Barbara D’Astolto: «La considero non una vittoria mia, ma una vittoria per le leggi bene applicate e per la giustizia». Aveva accusato il sindacalista 47enne Raffaele Meola di averla palpeggiata durante un colloquio. L’assoluzione aveva creato polemiche
Processo da rifare. La Corte di cassazione ha deciso l’annullamento della sentenza di secondo grado di assoluzione dell’ex sindacalista 47enne, Raffaele Meola, imputato per violenza sessuale perché nel 2018 ha palpeggiato una hostess di 49 anni durante un incontro su questioni lavorative negli uffici Cisl all’aeroporto Malpensa. Si riparte, quindi, da un nuovo processo, in una diversa sezione della Corte di appello di Milano.
«Vince la giustizia»
«La considero come una vittoria non mia, ma della giustizia e delle leggi italiane, che quando vengono ben applicate fanno sì che vinca la giustizia, mentre quando vengono applicate in maniera maldestra e superficiale, possono provocare gravi danni. È questo il commento a caldo di Barbara D’Astolto, che nel frattempo ha cambiato lavoro e oggi fa l’insegnante. E poco dopo aggiunge: «Se la Cassazione avesse confermato che lui era autorizzato a mettermi le mani addosso e che l’onere di dire di no spettava me, sarebbe stato un grosso problema per le donne italiane, perché sembra che all’aggressore vengano sempre riconosciute attenuanti: una volta perché l’abuso sessuale è durato troppo poco, una volta perché la vittima non ha reagito entro 20 secondi, una volta perché la vittima “che cosa era andata a fare là?”, una volta perché lui è il marito, oppure perché è depresso… E alle vittime dell’aggressione resta solo l’onere della prova?».
Trenta secondi
Davanti alla terza sezione della Corte di Cassazione, anche l’avvocata di parte civile Maria Teresa Manente, ha chiesto il rinvio a un nuovo processo d’appello, mentre l’avvocato Ivano Chiesa, che difende il sindacalista, ha chiesto la conferma dell’assoluzione. Per i giudici della prima sezione della Corte di appello milanese, infatti, dal processo era emerso che «l’imputato non abbia adoperato alcuna forma di violenza – ancorché si sia trattato, effettivamente di toccamenti repentini – tale da porre la persona offesa in una situazione di assoluta impossibilità di sottrarsi». E ancora che non possono avere «rilevanza penale» quegli atti sessuali come «toccamenti e baci» che la parte civile ha detto essersi «protratti per un tempo di circa trenta secondi», durante il quale «aveva continuato a sfogliare e leggere i documenti». Inoltre, «la qualifica e il ruolo» di sindacalista «rivestito dall’imputato non comportavano, in concreto, alcuna supremazia».

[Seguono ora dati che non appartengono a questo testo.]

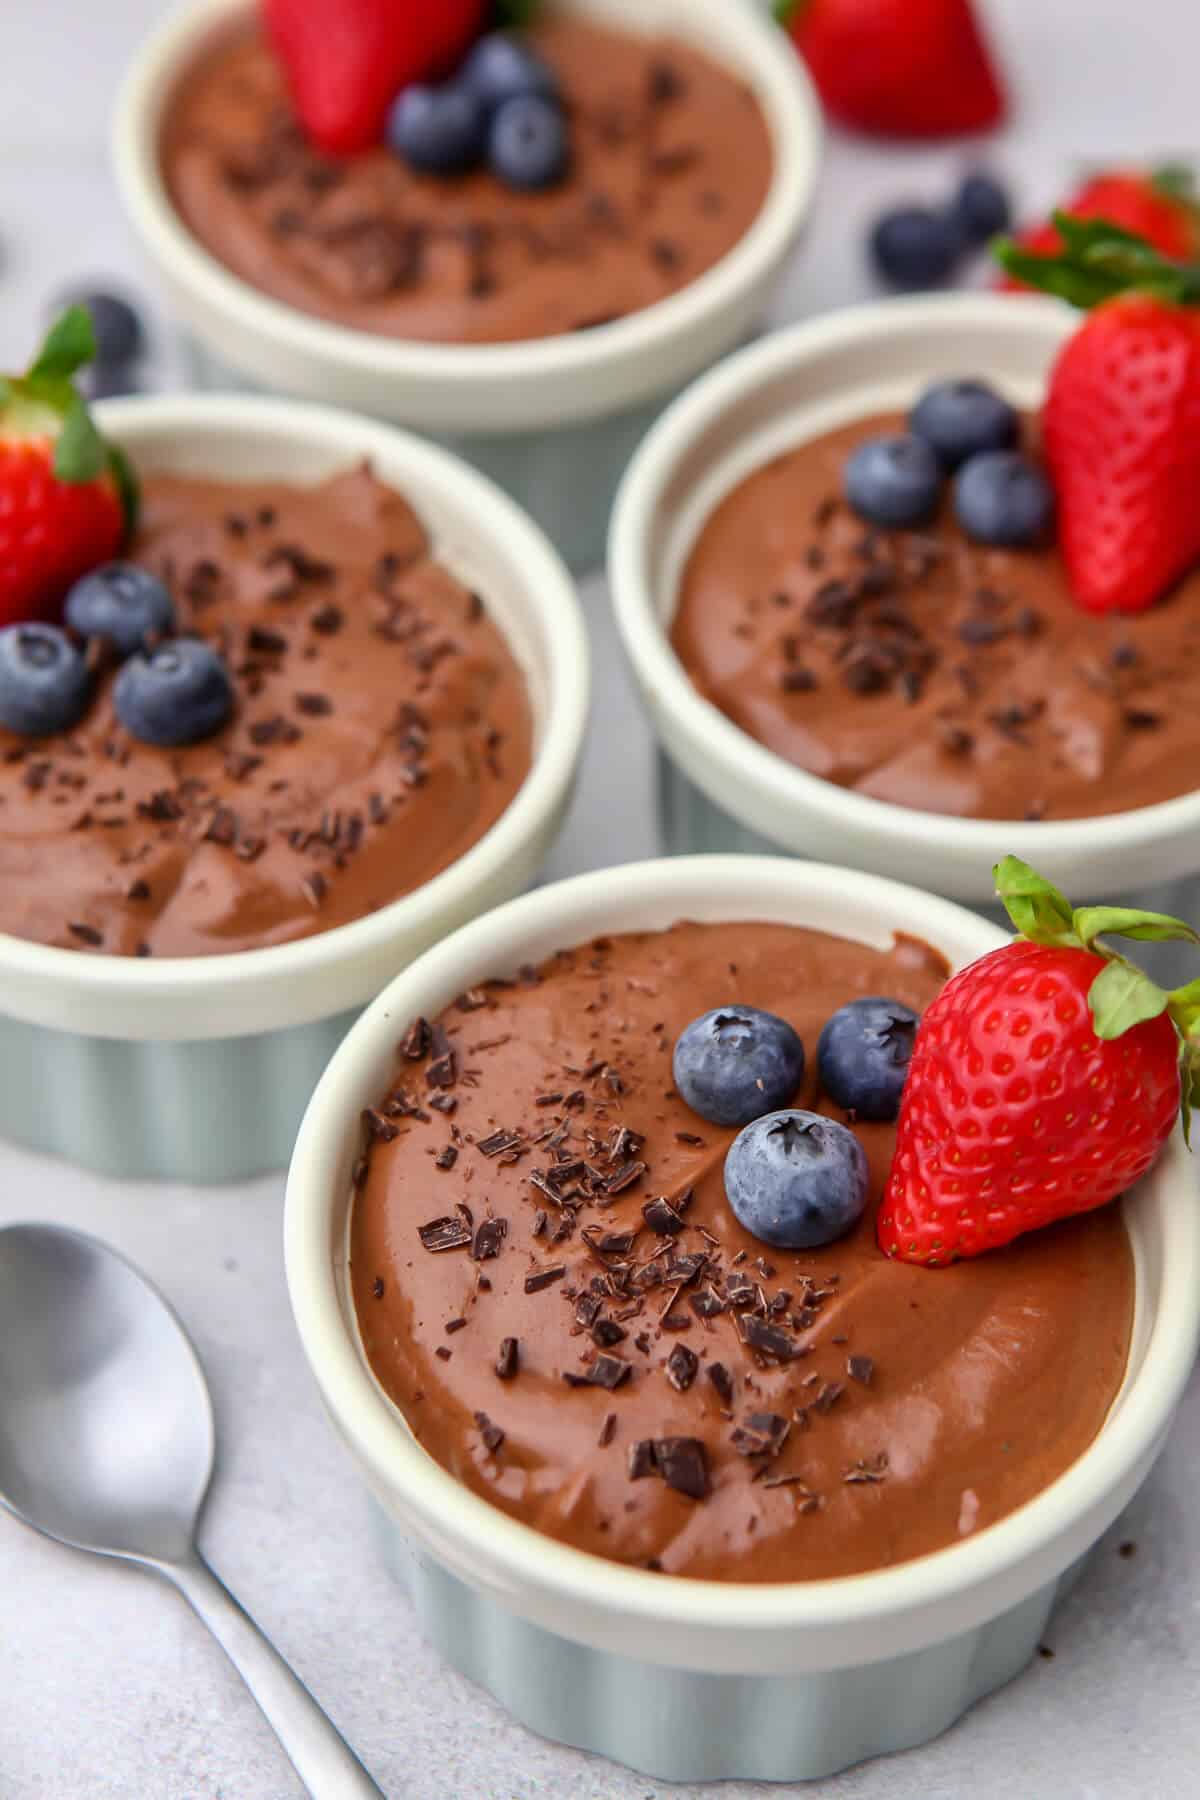 Four cups of vegan chocolate mousse with berries and chocolate shavings on top.

Presidio davanti alla Cassazione
Davanti alla Cassazione, per tutto il giorno c’è stato un presidio contro «una motivazione che ci appare inaccettabile», come spiega Maura Cossutta, presidente della Casa internazionale delle donne. «I giudici hanno contato i secondi in cui la molestia è stata perpetrata, giudicandoli sufficienti perché la donna si potesse sottrarre – aggiunge -. Diciamo basta a una cultura che si fa complice di ogni forma di violenza e tra queste la molestia che è la più muta e tollerata. Ancora una volta è necessario ribadire che le donne vanno credute e che si finisca con la logica che finisce per mettere i loro comportamenti sotto i riflettori».
E una volta uscita dal palazzo, Barbara D’Astolto ricorda le parole di una collega norvegese, Trude Mathieson, che per prima segnalò direttamente alla Cisl le avance dello stesso sindacalista durante una riunione di lavoro a Bruxelles: «Dopo che le avevo detto che era stato assolto anche in secondo grado mi disse: “Mi dispiace tanto per voi donne italiane, la situazione per voi non deve essere facile”. Ecco, credo che questo sia uno spunto di riflessione per far capire un attimino quanto siamo arretrati in questo Paese in fatto di violenze e dal punto di vista del lavoro femminile».